Why don't books disrupt higher education?

I am quite excited to let you know that in addition to writing here on my personal blog, I will also be doing some blogging over at the new YEP-DC blog, Recess, on a monthly basis. My first post is up now, and it features me playing the role of Old Man CJ and harumphing a bit about how exaggerated I find claims about educational technology (especially MOOCs).

In reading a recent Op-Ed in the Times that shares some of my disillusionment with MOOCs, I was struck by a sentence that made me think that I maybe wasn't harsh enough in my assessment over at Recess. In his piece, A.J. Jacobs notes:  "On the other hand, how can I really complain? I’m getting Ivy League (or Ivy League equivalent) wisdom free. Anyone can, whether you live in South Dakota or Senegal, whether it’s noon or 5 a.m., whether you’re broke or a billionaire."
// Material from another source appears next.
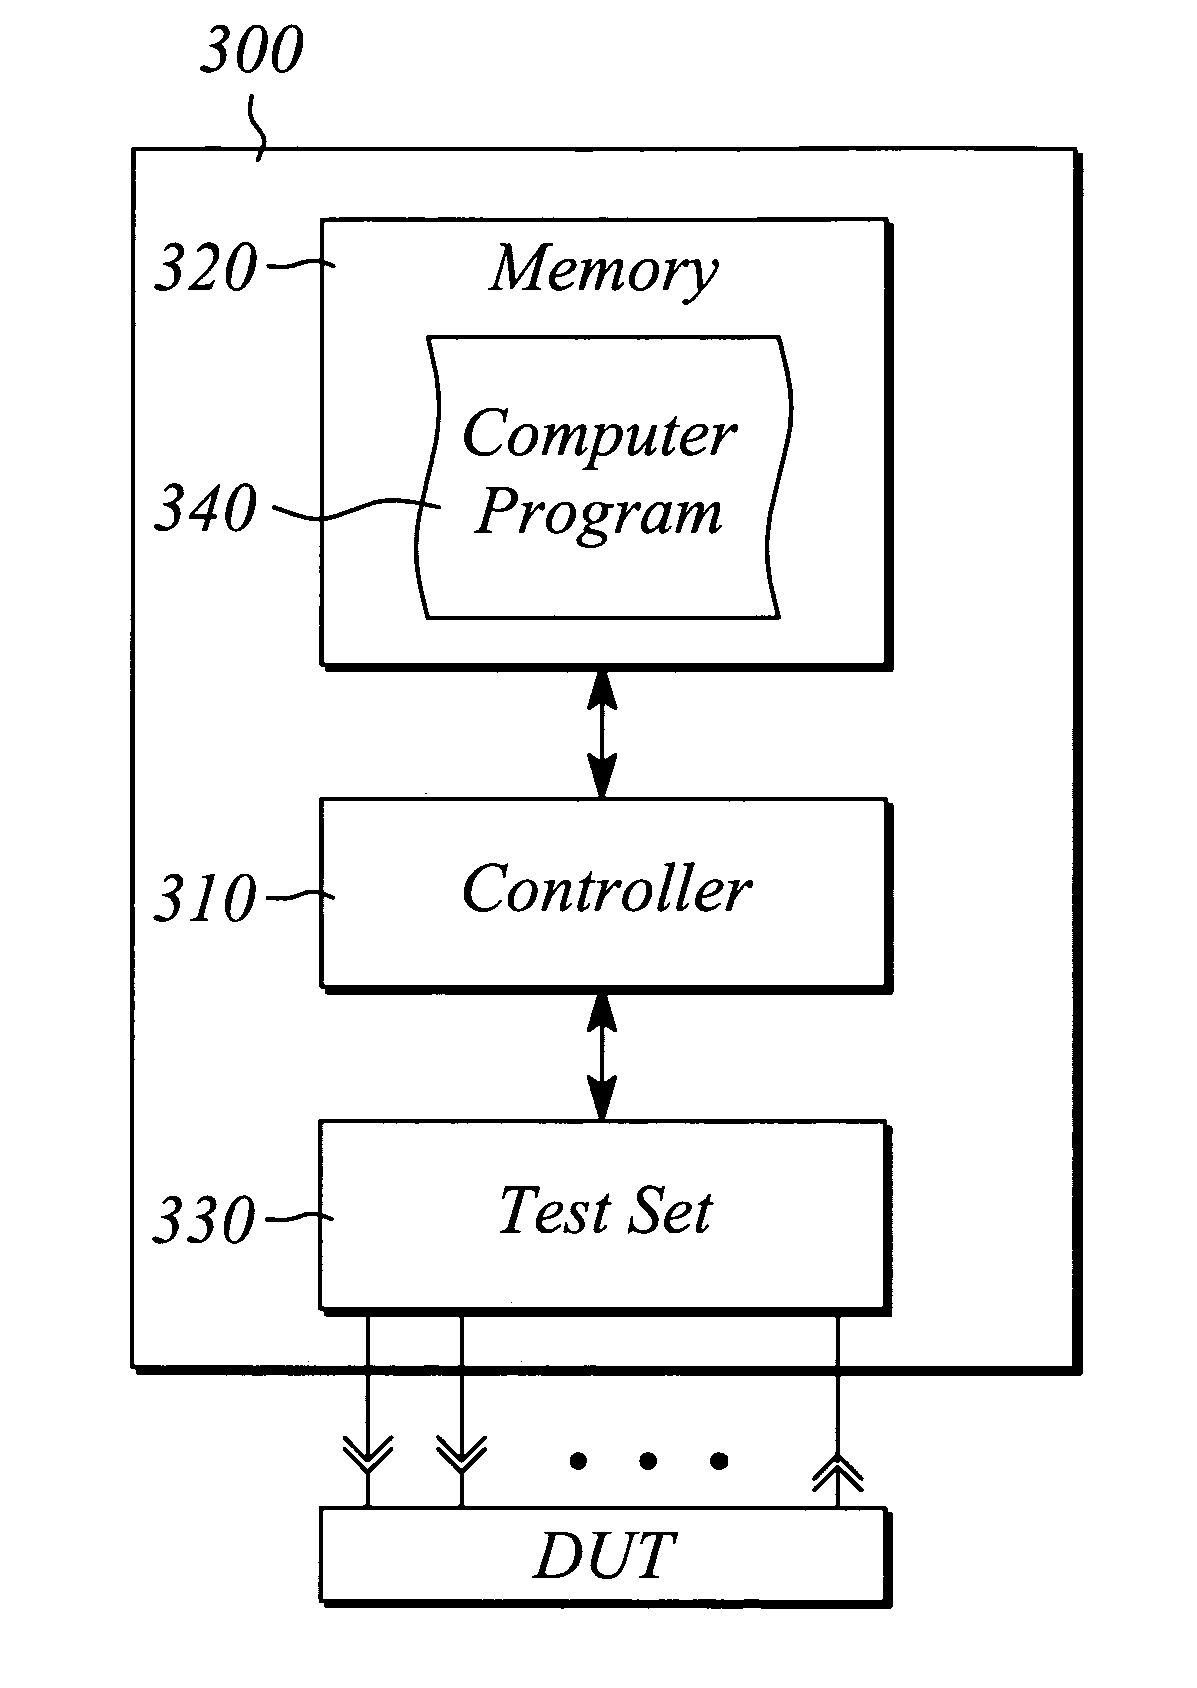 Multiport network analyzer calibration employing reciprocity of a device

The implication here is that lectures from prestigious professors are the core of an Ivy League education. No doubt, that's an important part of the whole deal, but I remain unconvinced that it's as valuable as it seems at first glance. It overlooks the importance of peer effects, which experience tells me has always been a crucial force in my own education. Amplify that to the level of peers you encounter in the Ivy League and you're talking about an incredibly influential factor that doesn't come with MOOCs. 
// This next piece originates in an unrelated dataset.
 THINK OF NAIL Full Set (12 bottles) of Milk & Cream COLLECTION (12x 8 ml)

But the more damning piece of evidence running against the notion that MOOCs ought to be disruptive by virtue of the fact that the deliver an Ivy League experience in a more efficient way is that books already do the same thing. Lots of professors whose lectures demand a premium at the best universities around the country and world write books about the subject they teach. Lots of non-professors-but-still-really-smart-and-informed-people also write informative books on a range of subjects. And often those books feature explanations that have been contemplated at great length, edited, and made generally consumable. You can read books in your home, on the metro, in places without Wi-fi. Your access is constrained only by an upfront (relatively small) investment in paying for the book. Indeed, what's amazing about books is that you can even learn directly from amazing professors or thinkers who are dead, something no university, no matter the size of its endowment, can promise you. And yet the self-study allowed by books has never threatened universities because universities offer a delivery method that is of a different kind completely and offers advantages books (or online lectures) cannot.